### THE TASK
After locating the line that contains "Кукла Barbie в дополнительной куртке GRN27 кукла" in the data below, set down exactly that line and each one after it through the line that contains "Healthrider HRTL14910 Suggested", and nothing more.

### GIVEN INFORMATION
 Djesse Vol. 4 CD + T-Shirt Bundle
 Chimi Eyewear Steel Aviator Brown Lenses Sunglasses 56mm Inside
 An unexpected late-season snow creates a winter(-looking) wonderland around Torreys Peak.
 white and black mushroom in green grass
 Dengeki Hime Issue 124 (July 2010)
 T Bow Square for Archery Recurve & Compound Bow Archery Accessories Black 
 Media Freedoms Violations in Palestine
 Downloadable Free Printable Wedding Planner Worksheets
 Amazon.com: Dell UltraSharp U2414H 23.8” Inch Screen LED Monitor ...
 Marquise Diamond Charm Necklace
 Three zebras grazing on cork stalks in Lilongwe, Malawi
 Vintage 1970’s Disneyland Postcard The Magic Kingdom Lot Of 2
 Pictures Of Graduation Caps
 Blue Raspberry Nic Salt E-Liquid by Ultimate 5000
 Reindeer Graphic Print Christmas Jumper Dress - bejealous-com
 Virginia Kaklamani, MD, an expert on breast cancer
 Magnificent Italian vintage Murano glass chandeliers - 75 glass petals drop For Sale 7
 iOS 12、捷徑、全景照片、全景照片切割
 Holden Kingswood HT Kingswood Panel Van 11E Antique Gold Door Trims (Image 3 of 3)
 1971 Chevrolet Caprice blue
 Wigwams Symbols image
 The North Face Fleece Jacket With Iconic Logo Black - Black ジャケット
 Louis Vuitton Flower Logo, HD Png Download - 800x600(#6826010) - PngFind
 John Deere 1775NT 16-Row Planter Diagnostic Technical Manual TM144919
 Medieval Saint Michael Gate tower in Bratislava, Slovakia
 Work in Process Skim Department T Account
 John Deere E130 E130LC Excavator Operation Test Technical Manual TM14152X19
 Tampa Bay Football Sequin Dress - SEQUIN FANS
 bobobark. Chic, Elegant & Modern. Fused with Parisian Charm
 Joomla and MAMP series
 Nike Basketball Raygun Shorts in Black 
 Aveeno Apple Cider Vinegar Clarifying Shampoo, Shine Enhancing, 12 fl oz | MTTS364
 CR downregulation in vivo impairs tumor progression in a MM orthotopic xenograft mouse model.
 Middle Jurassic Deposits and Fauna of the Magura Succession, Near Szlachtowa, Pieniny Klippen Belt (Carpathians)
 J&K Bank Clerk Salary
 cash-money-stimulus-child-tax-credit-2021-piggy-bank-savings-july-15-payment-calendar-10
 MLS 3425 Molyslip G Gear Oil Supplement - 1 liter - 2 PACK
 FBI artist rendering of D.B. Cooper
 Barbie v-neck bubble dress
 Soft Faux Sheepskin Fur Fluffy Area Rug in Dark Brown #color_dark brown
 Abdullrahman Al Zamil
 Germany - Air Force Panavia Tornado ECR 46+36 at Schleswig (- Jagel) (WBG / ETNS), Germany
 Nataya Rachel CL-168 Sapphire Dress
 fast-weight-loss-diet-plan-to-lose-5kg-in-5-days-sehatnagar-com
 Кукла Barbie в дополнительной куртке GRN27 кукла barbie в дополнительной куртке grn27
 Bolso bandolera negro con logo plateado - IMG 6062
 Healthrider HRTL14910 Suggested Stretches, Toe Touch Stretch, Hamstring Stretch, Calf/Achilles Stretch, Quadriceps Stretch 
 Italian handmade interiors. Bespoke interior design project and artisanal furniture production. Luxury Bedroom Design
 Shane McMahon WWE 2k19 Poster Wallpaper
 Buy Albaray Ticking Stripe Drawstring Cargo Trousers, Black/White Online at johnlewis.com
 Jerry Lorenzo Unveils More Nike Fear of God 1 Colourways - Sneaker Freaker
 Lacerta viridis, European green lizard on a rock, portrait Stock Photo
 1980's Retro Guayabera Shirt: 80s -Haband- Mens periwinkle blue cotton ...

### ANSWER TO THIS PROBLEM
 Кукла Barbie в дополнительной куртке GRN27 кукла barbie в дополнительной куртке grn27
 Bolso bandolera negro con logo plateado - IMG 6062
 Healthrider HRTL14910 Suggested Stretches, Toe Touch Stretch, Hamstring Stretch, Calf/Achilles Stretch, Quadriceps Stretch 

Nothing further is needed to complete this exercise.